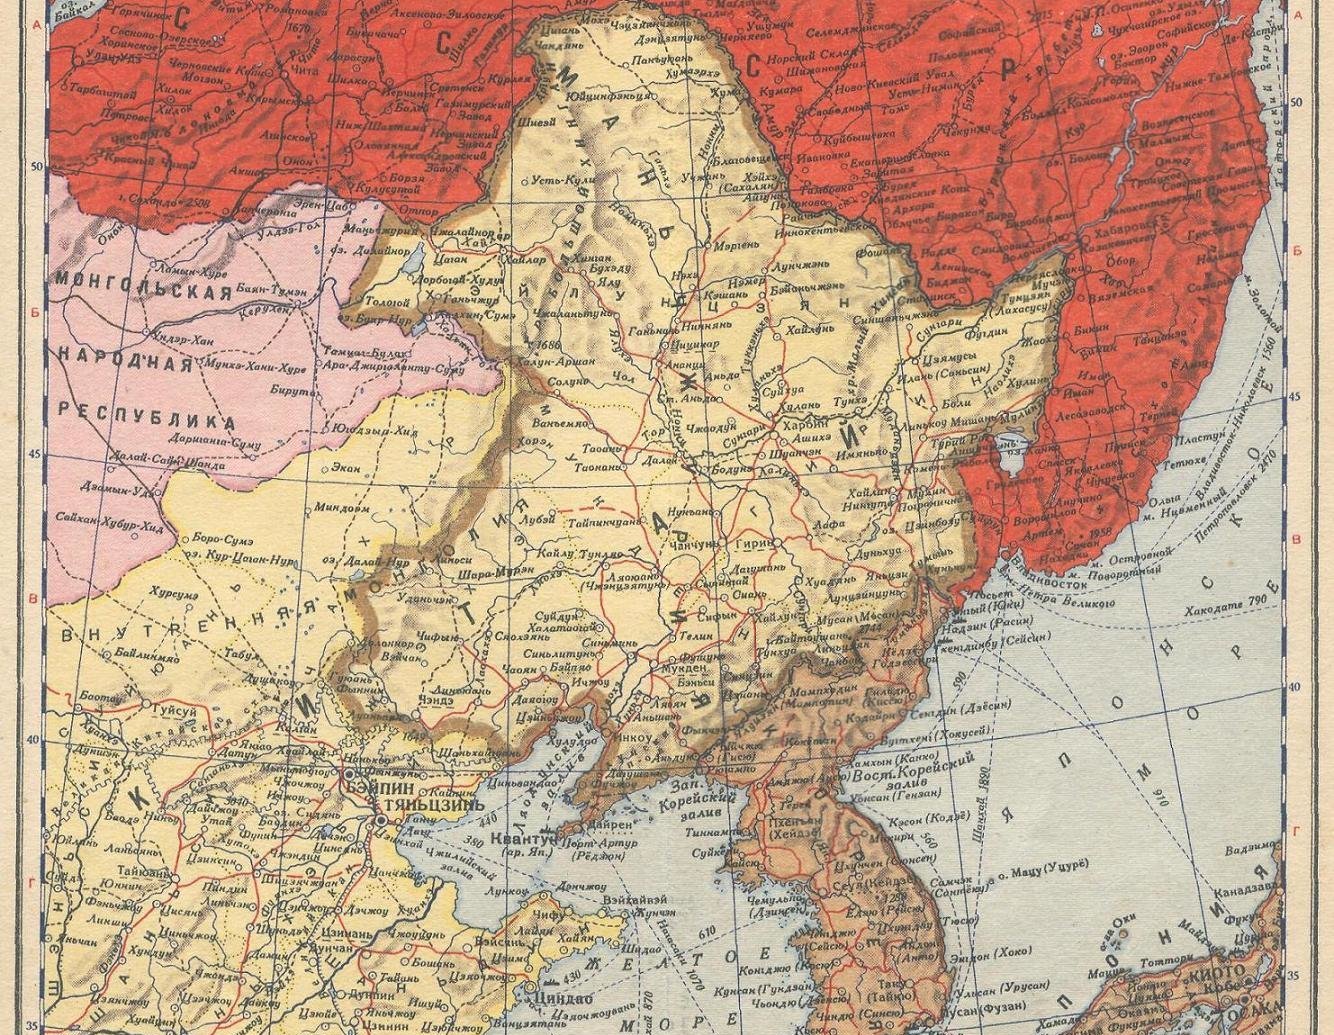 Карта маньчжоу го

● ● ● ● ●

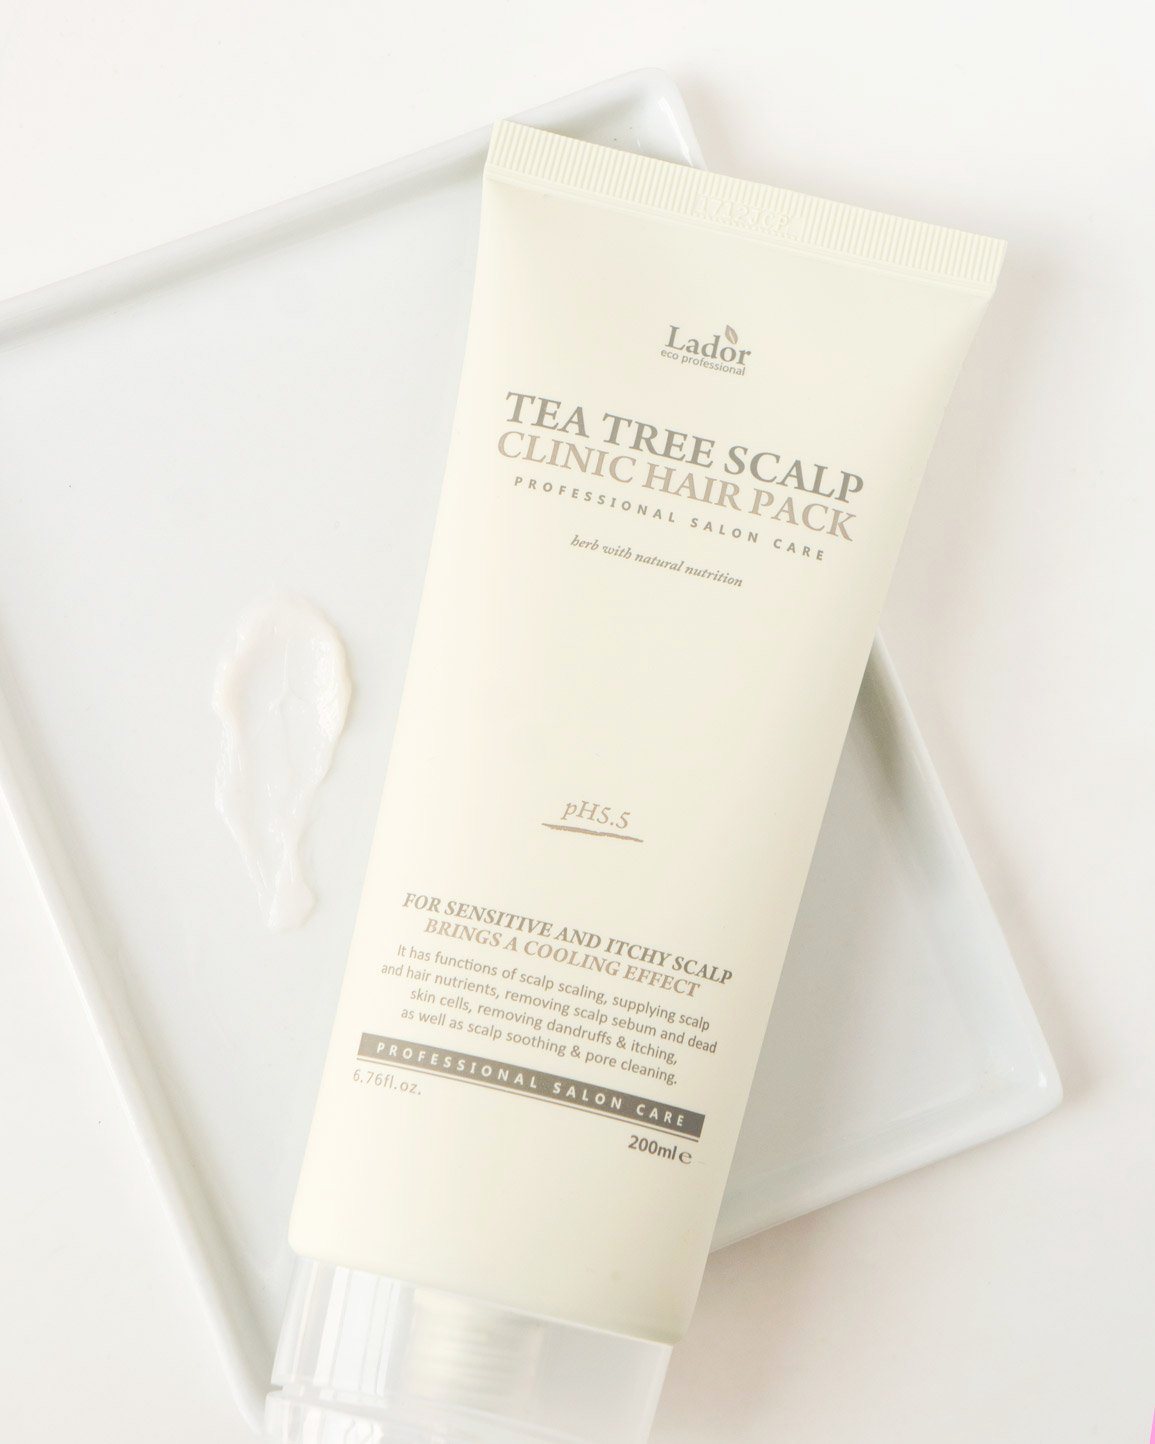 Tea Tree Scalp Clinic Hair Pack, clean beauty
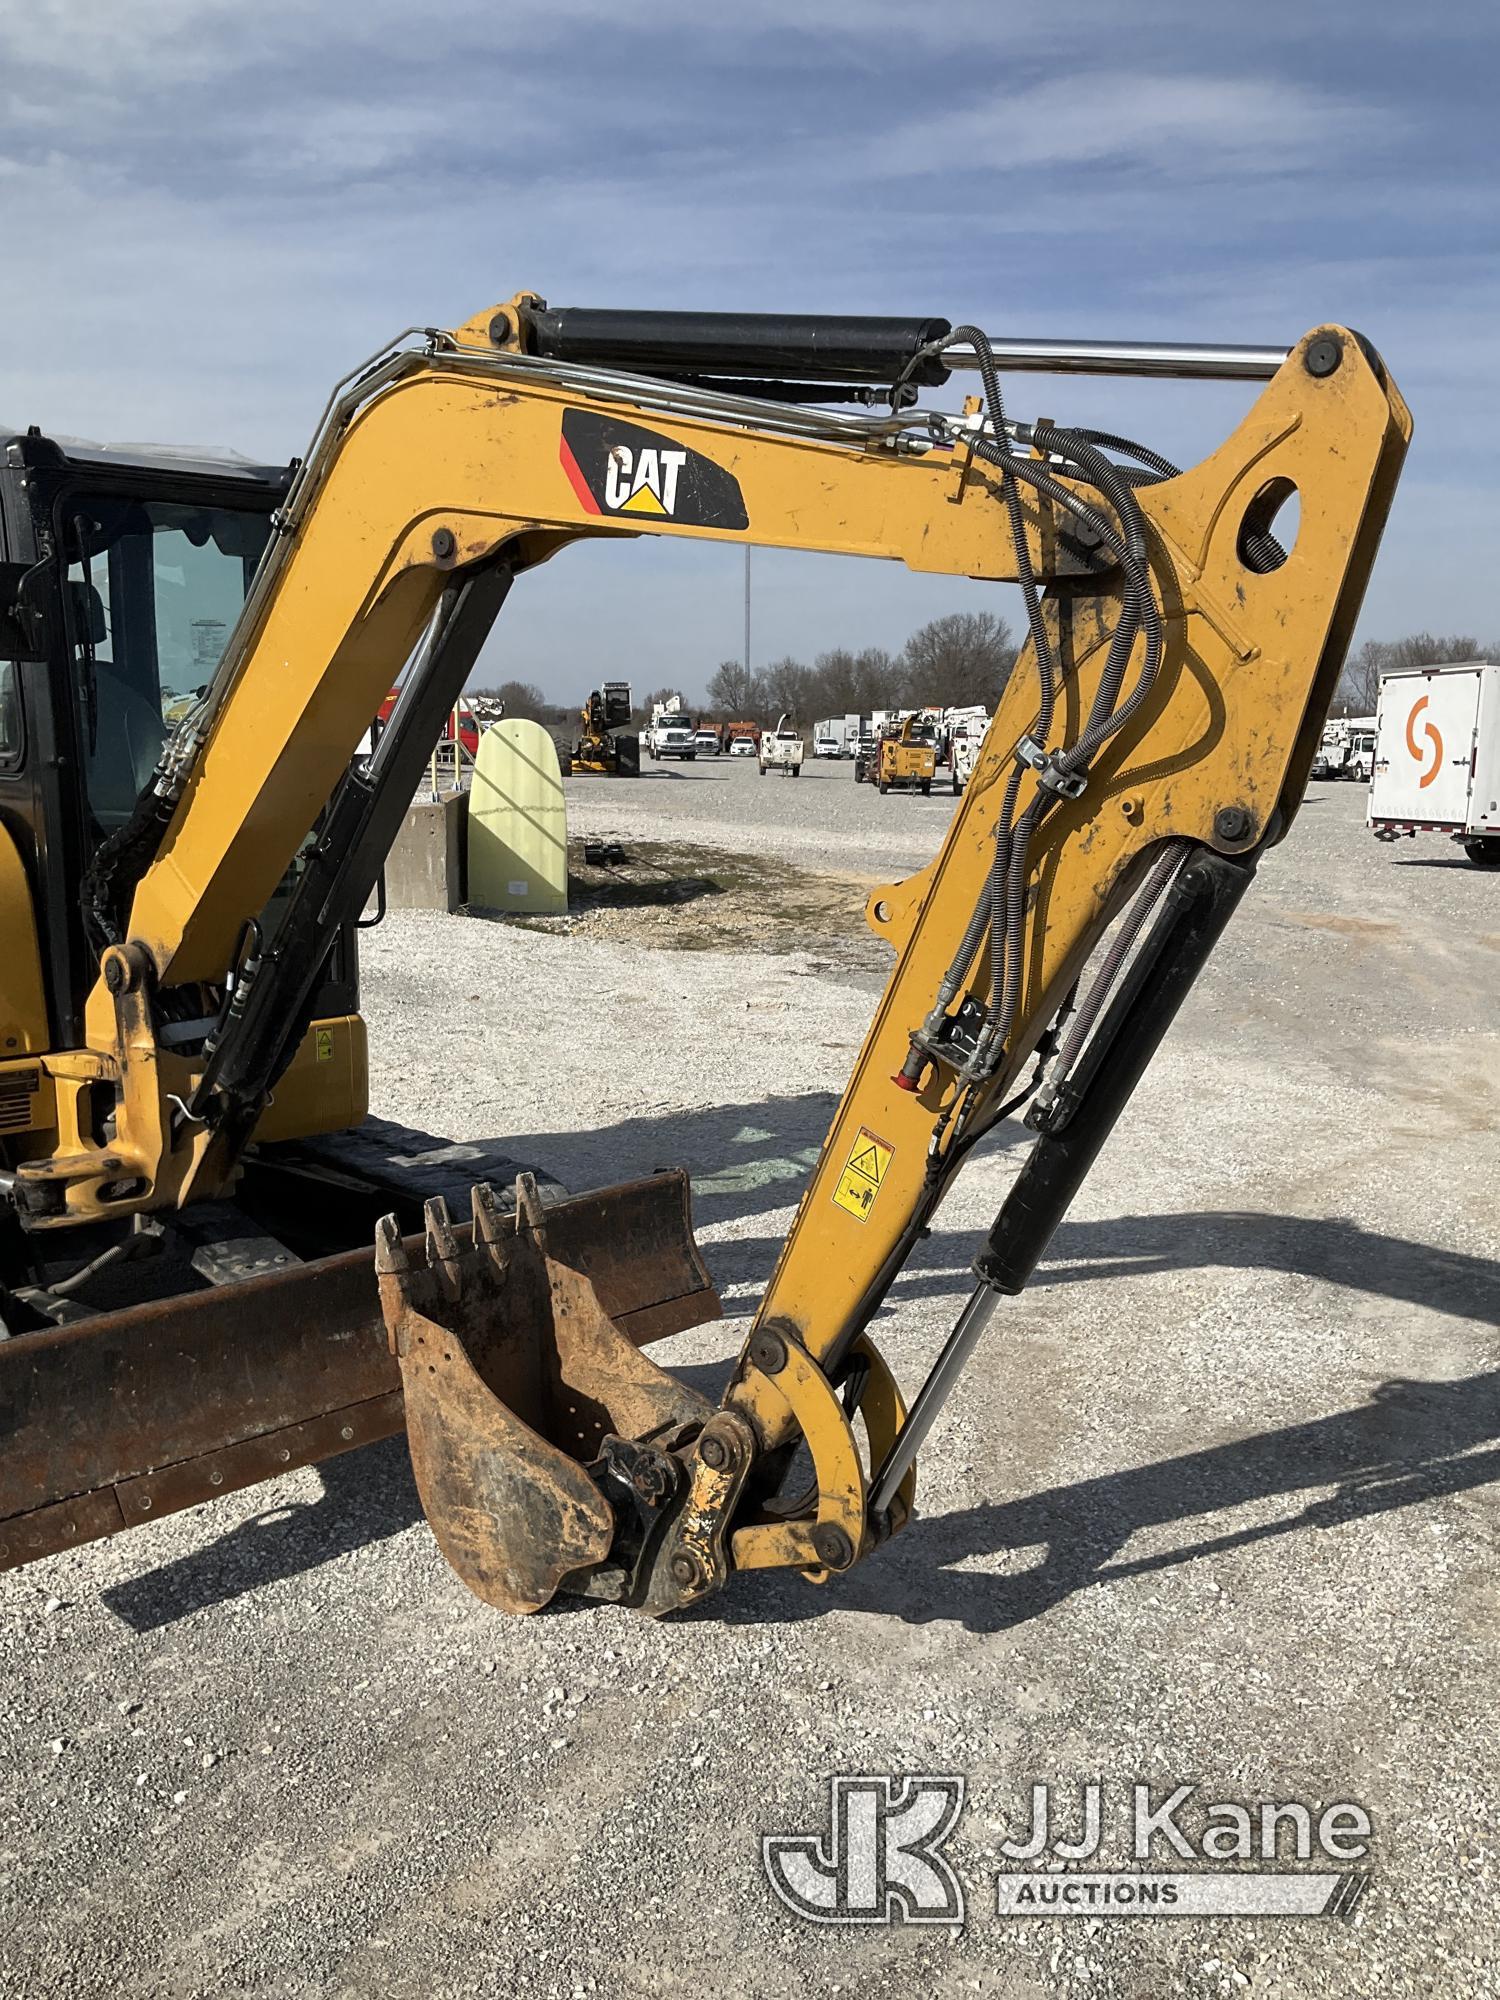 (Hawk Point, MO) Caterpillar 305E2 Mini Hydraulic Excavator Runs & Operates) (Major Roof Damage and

● ● ● ● ●

### WORK ORDER
Working from the data above, repeat exactly, and only, the lines that begin at the line containing "Tea Tree Scalp" and stop after the line containing "(Hawk Point, MO)"; pictures are not copied.

### YOUR SOLUTION
 Tea Tree Scalp Clinic Hair Pack, clean beauty
 (Hawk Point, MO) Caterpillar 305E2 Mini Hydraulic Excavator Runs & Operates) (Major Roof Damage and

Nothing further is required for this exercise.